Nonostante l’Urss fosse ormai un involucro vuoto, Gorbačëv continuò a spingere

per la costituzione di un nuovo trattato dell’unione, forte dei risultati referendari.

Dopo poco più di un mese di negoziati serrati, a novembre, gli Stati raggiunsero un

accordo su un trattato che creava una confederazione dotata di alcuni poteri propri di

uno Stato federale. Fra i diversi Stati fu l’Ucraina a dimostrarsi maggiormente

titubante sulla nuova proposta di Gorbačëv e decise di ricorrere a un referendum

popolare che si tenne il primo dicembre. La Russia di El’cin decise di subordinare la

propria adesione al nuovo accordo a una precedente ratifica del trattato da parte

dell’Ucraina.

Il voto in Ucraina non lasciò dubbi. Il 90 per cento dei votanti furono a favore di

una completa e totale indipendenza. Senza l’adesione dell’Ucraina e della Russia, la

nuova unione non aveva motivo di nascere. Una settimana dopo, l’8 dicembre, i

presidenti di Russia, Ucraina e Bielorussia firmarono una dichiarazione che attestava

la fine dell’Unione Sovietica.

CAPITOLO V – El’cin, primo Presidente della Federazione Russa.

Al termine del golpe di agosto il potere politico nei confini della Federazione

russa era passato completamente nelle mani di El’cin e dei democratici.

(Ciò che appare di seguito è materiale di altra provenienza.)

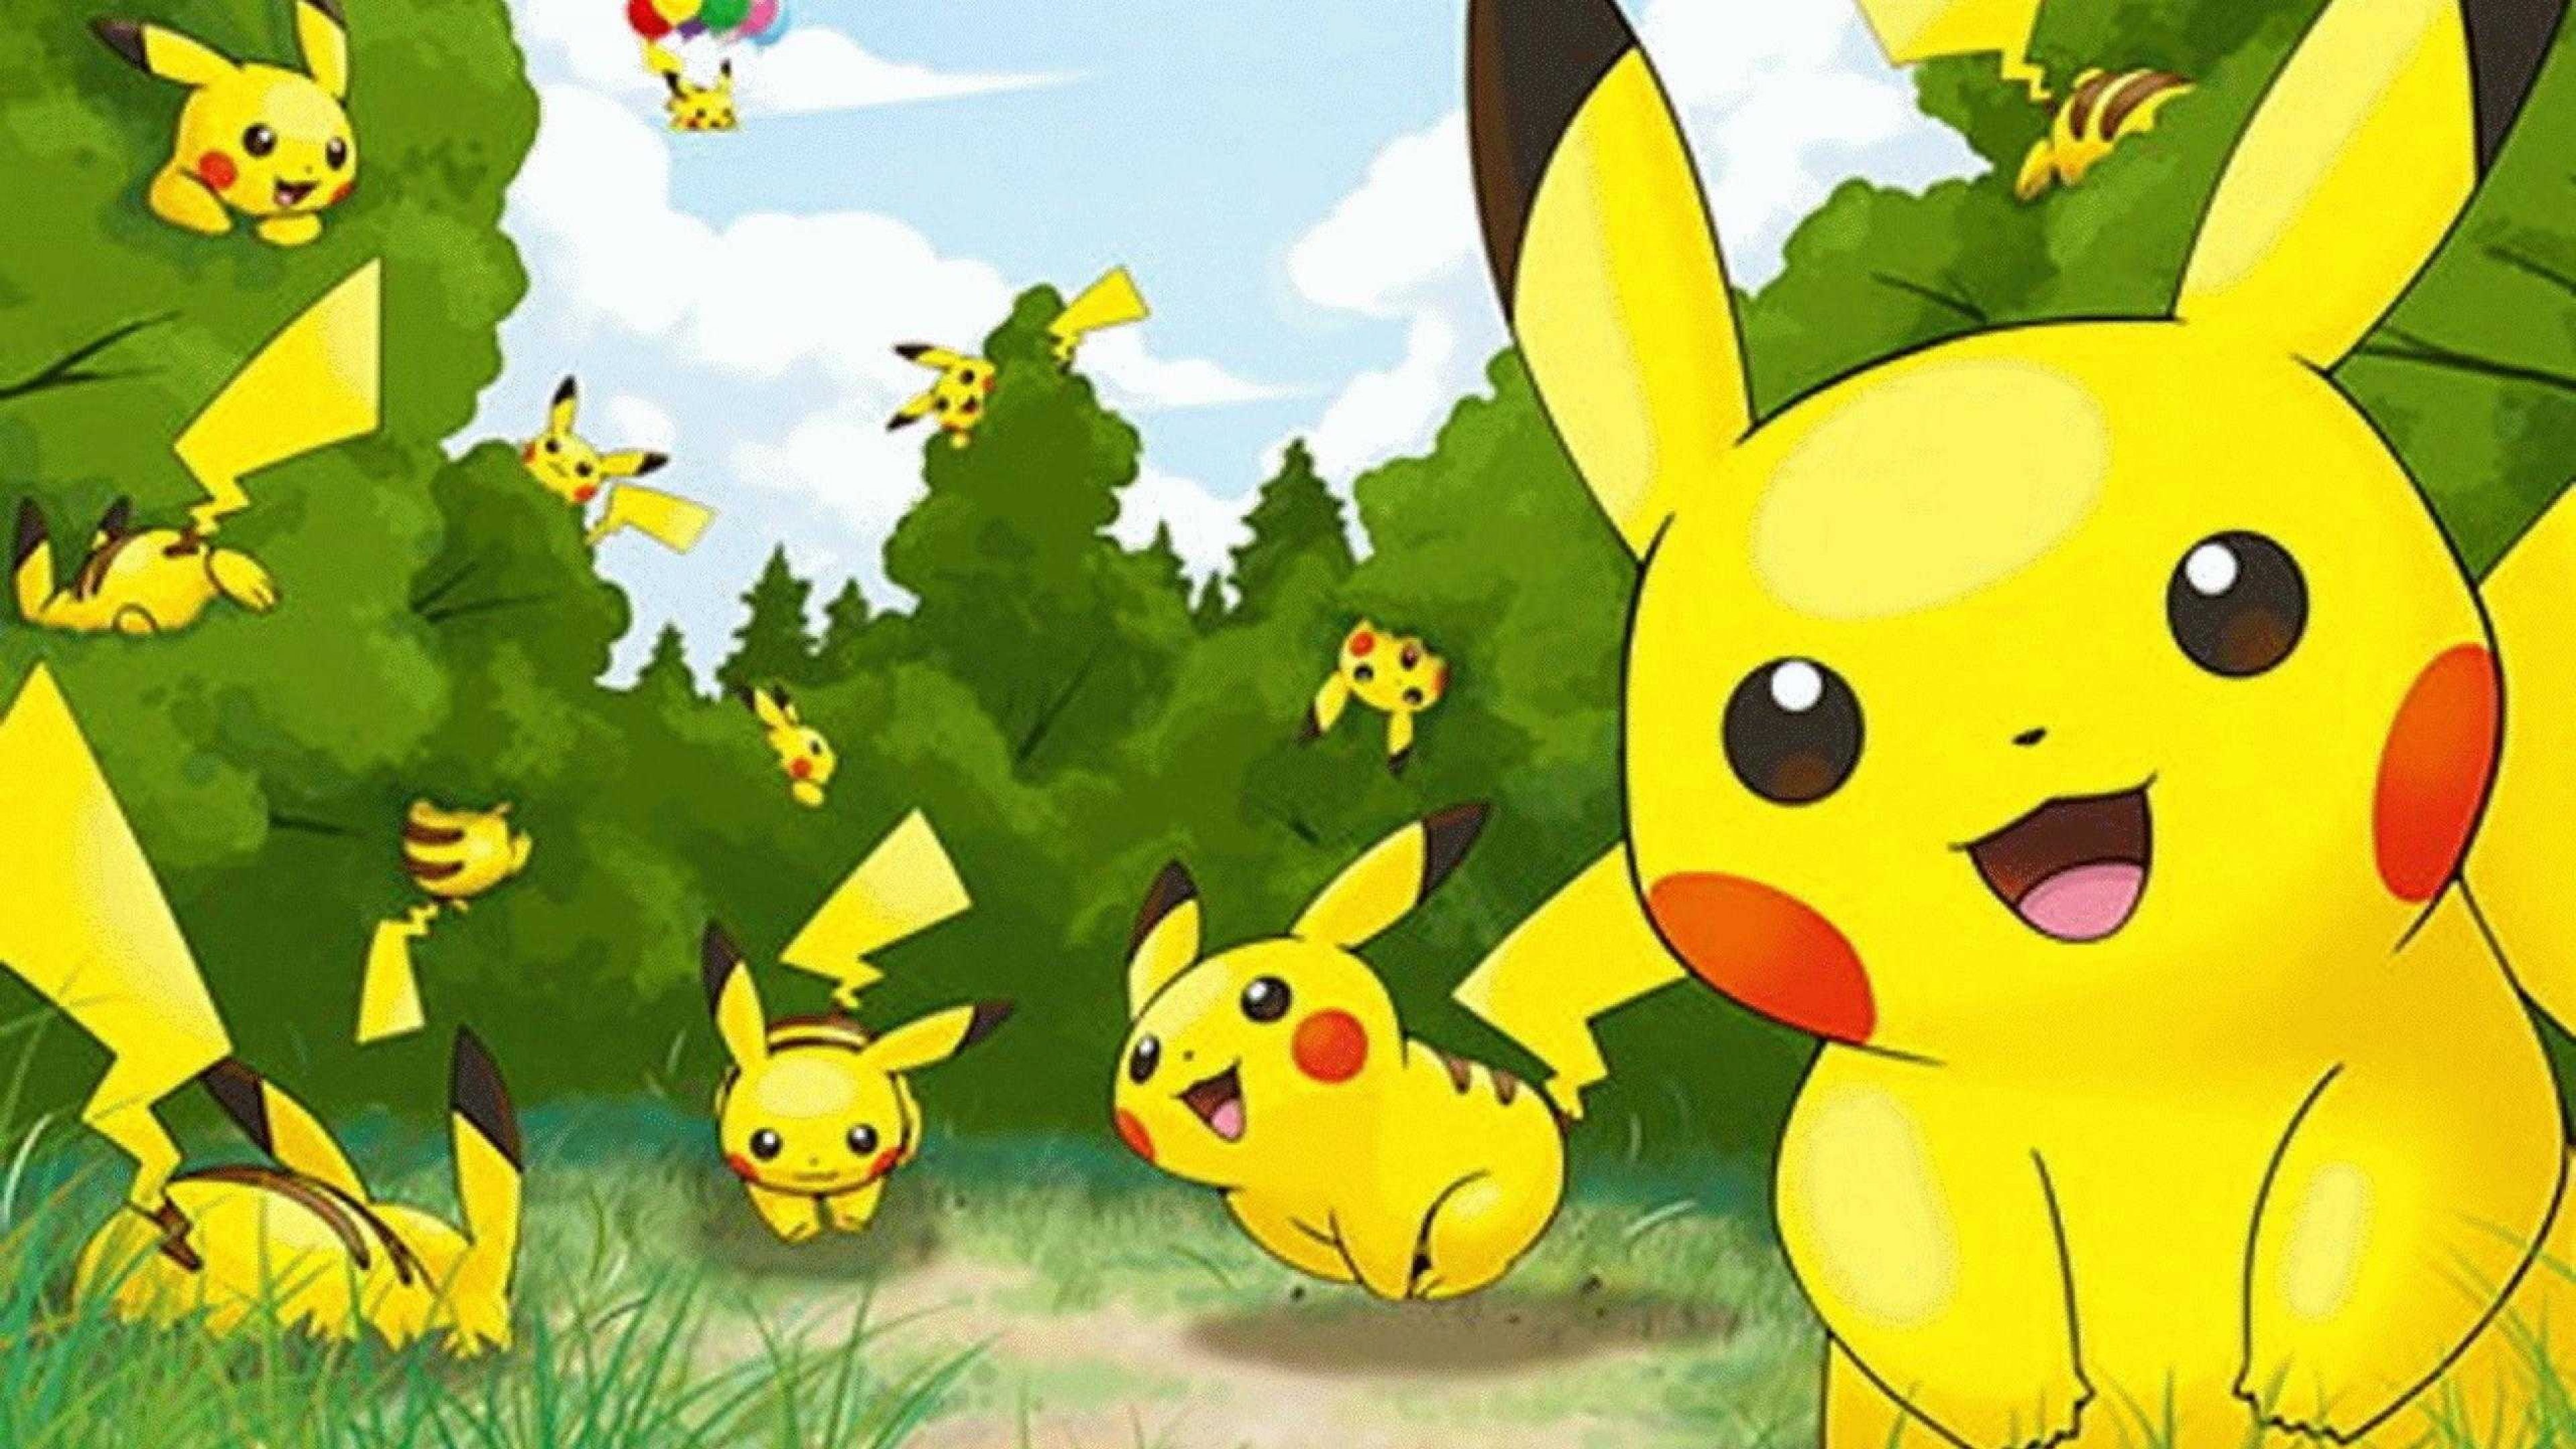 3840x2160 pokemon wallpaper hd pikachu

Nel nuovo

assetto politico che si stava delineando El’cin avrebbe ricoperto sia la carica di

Presidente della Russia che quella di Primo ministro.

Accentrato il potere nelle sue mani il leader russo si impegnò a scegliere il suo

entourage, raccogliendo intorno a se gli uomini che lo avrebbero affiancato

nell’ardua fase di riforme. A capo del gruppo di riforme nominò Egor Timurovič

Gajdar, fino ad allora praticamente sconosciuto.

Gajdar compose un team convocando a Mosca numerosi giovani economisti,

quasi tutti magicamente attratti dagli Stati Uniti e dal loro modello capitalistico, ai

quali furono affiancati esperti occidentali, come Jeffrey Sachs e Anders Åslund.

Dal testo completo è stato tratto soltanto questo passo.